I want to make something that is portable, 3.7V battery powered and smallish, that could record onto an SD card or something low power like that. I envision going out backpacking and coming back with hours of bird and mouse choruses, then slowing them down to a quarter or an eighth of their ordinary speed and playing them back. I'd also like to explore what kinds of ultrasonic noises are to be found in the city.

More and more I realize how big of a project this is, but I keep coming back to it! I've started to conceptualize it in two components, the sensor and the sampler.

The sensor, for now, is just gonna be a microphone, but it could be anything down the line.

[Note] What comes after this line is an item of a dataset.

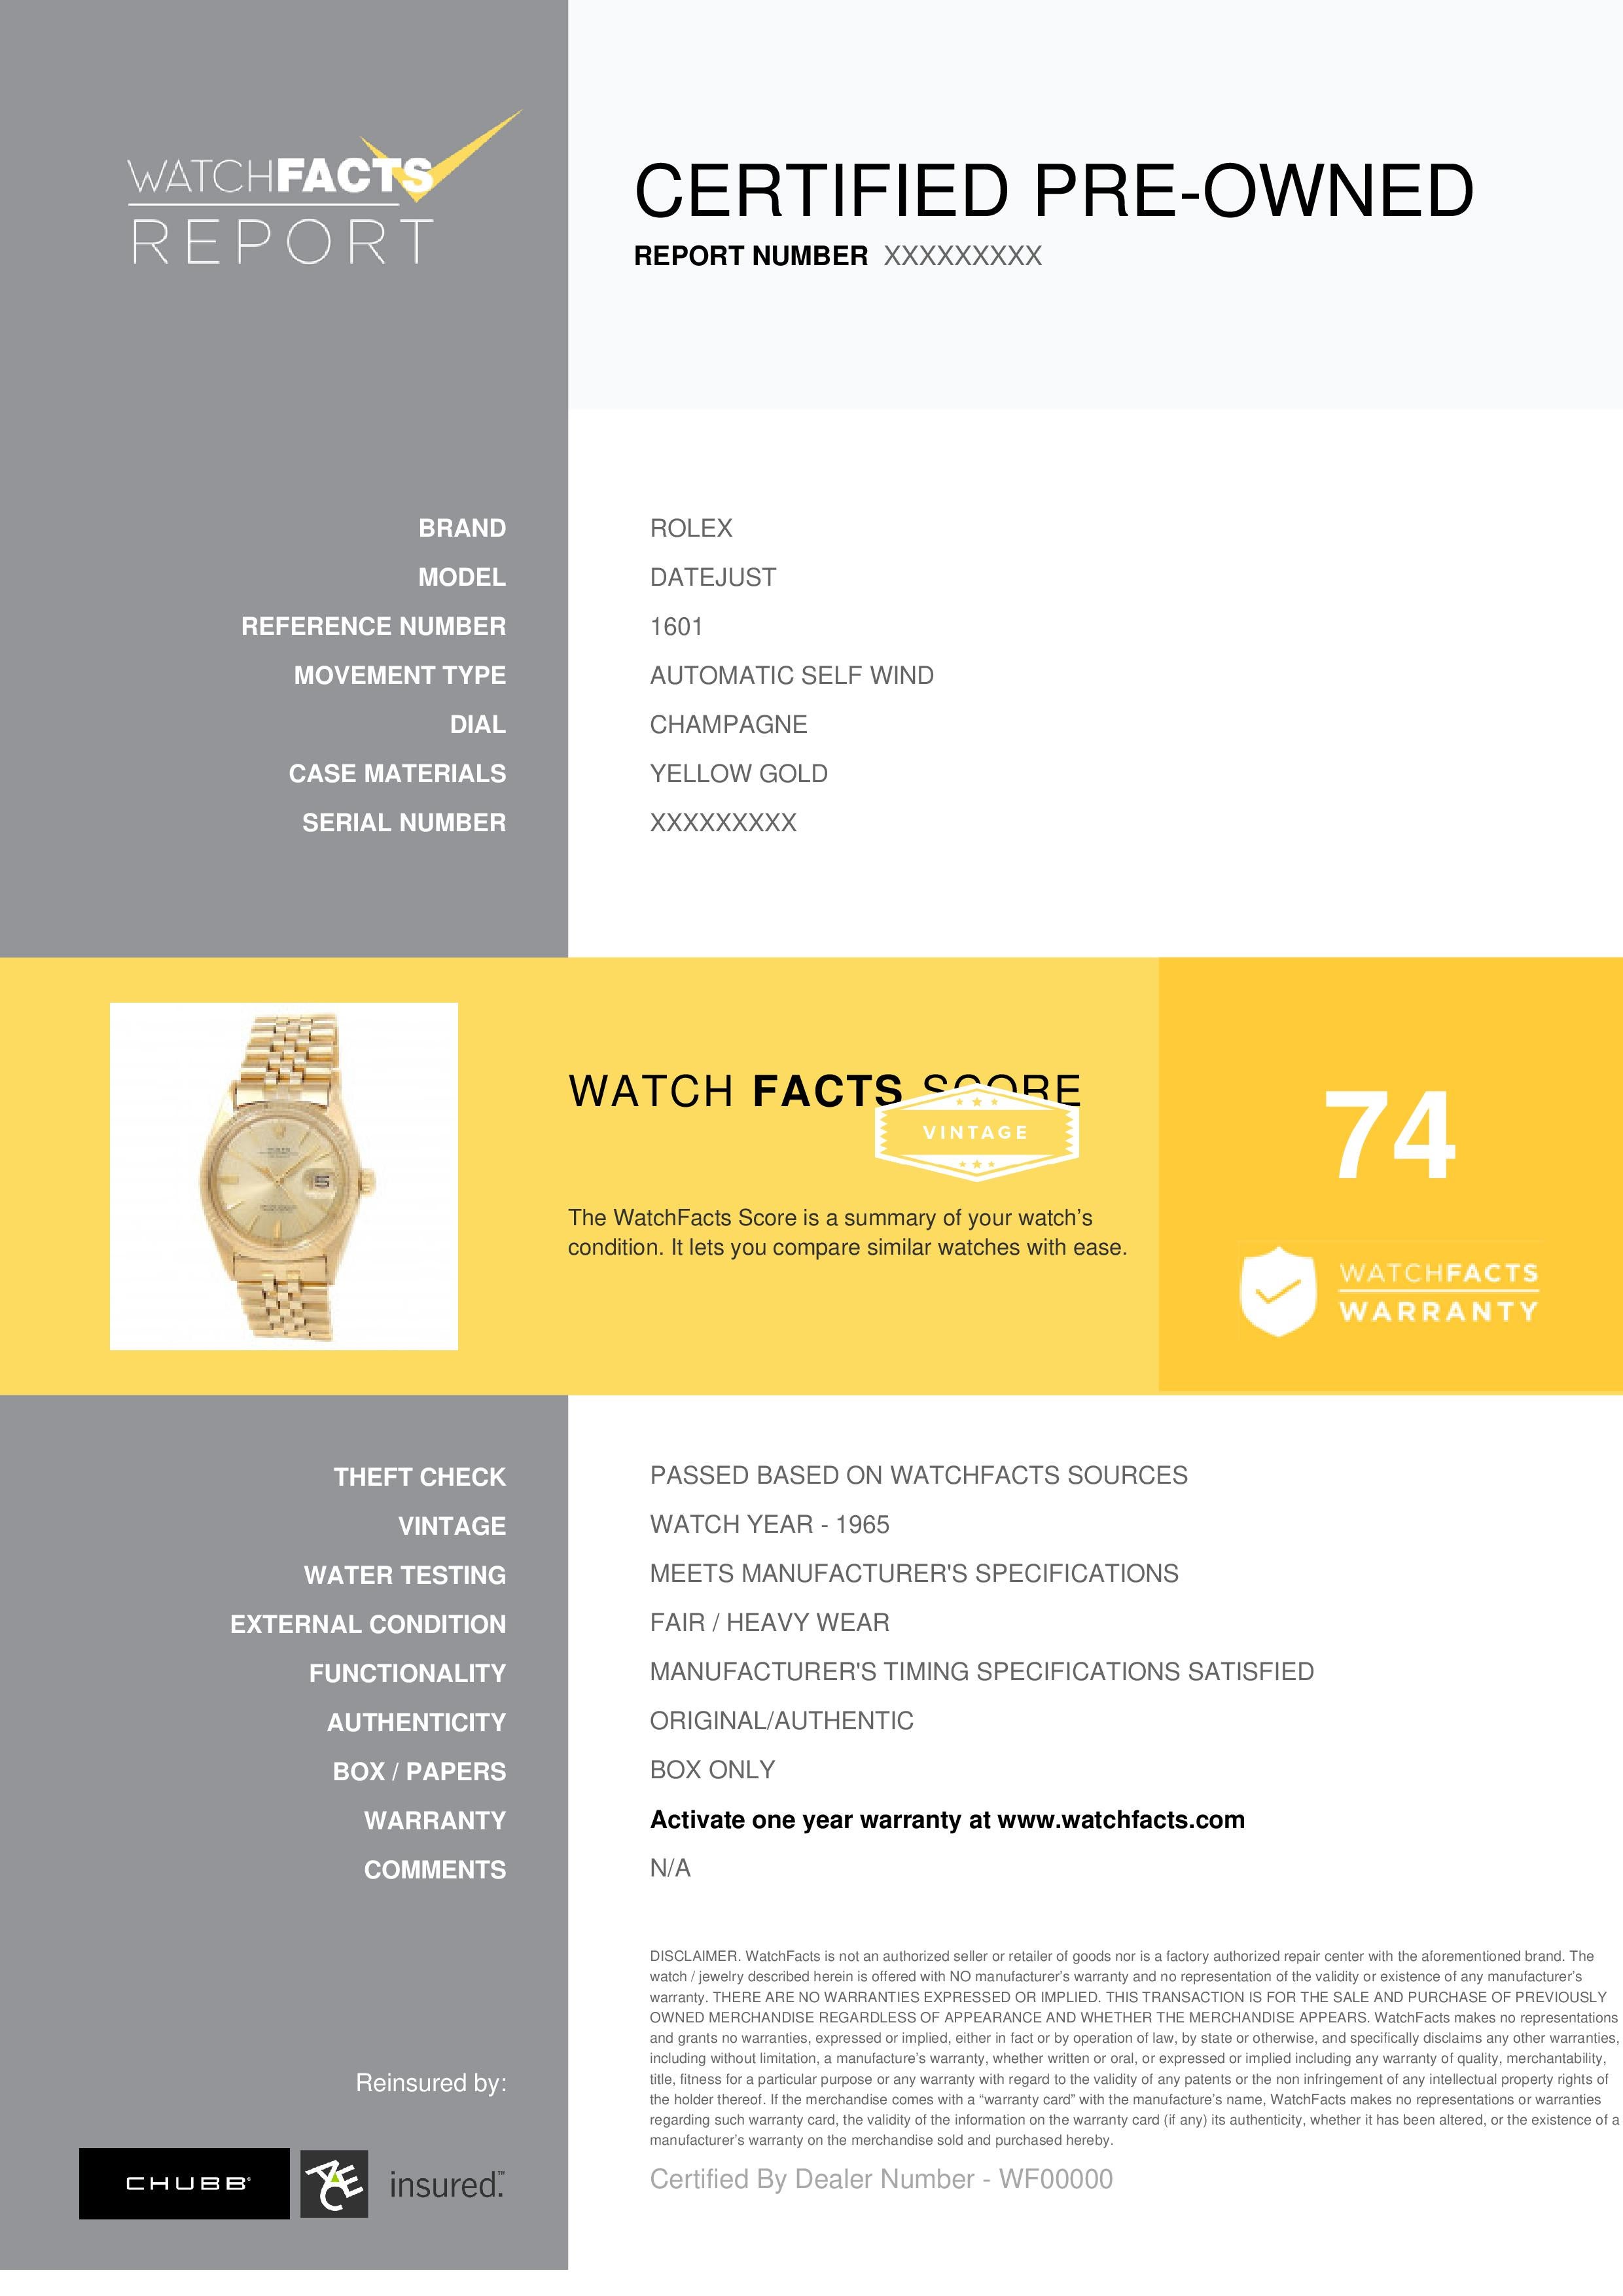 Rolex Datejust Reference #: 1601. Mens Automatic Self Wind Watch Yellow Gold Champagne 36 MM. Verified and Certified by WatchFacts. 1 year warranty offered by WatchFacts.

To me, any kind of signal could be interesting to sample and slow down. And in the future, who knows what kinds of crazy sensors will be available? Anyhow, for now I've found an inexpensive MEMS microphone that is reasonably flat up to 80 KHz (Knowles SPU0410LR5H-QB). Its sensitivity in that range is +/- 10 dB compared with its response at 1 KHz. For me, that seems good enough to make a frog/bat/bird/bug/alien recorder.

The sampler component would basically be an ADC with some amplifier circuitry, a microcontroller and some good memory (likely SD with a little RAM). Some of the newer Arduinos and similar devices are more than capable of dumping 200 Ksps onto an sd card at 16 bits/sample. I have successfully written at ~2 MB/s onto an SD card using a Maple microcontroller, but have read that with the Arduino platform and some newer libraries, you can do way better than that.

My goal is to have the sampler be more broadly usable. I've got artistic goals, but I don't see why a portable, high quality digital sampler wouldn't be perfectly useful for research purposes. What if some super wizard ultrasonic microphones come out in 10 years that are sensitive up to 500 KHz (does air even do that?! water maybe?) Well then I'd like to use it! What about a hydrophone? I believe dolphins can interact up to 150 KHz or so.

So with that in mind, I've been looking into some newer SAR ADCs. The LTC2378-20 looks really good to me. It's low power and has a good SNR even up into the high frequencies.

But what to do next?! How to design, let alone build a high frequency audio circuit that isn't noisy! I can program microcontrollers and built simple circuits, but dealing with crazy high frequency noise from misplaced ground loops, prototyping with surface mount components, oh my... yikes, where to begin?

Am I crazy? And even if I am, does anyone have any suggestions of good resources for embarking on such a project? A book, previous project, some common sense, tips, whatever? Maybe I need to team up with someone around my area that is an audio engineer.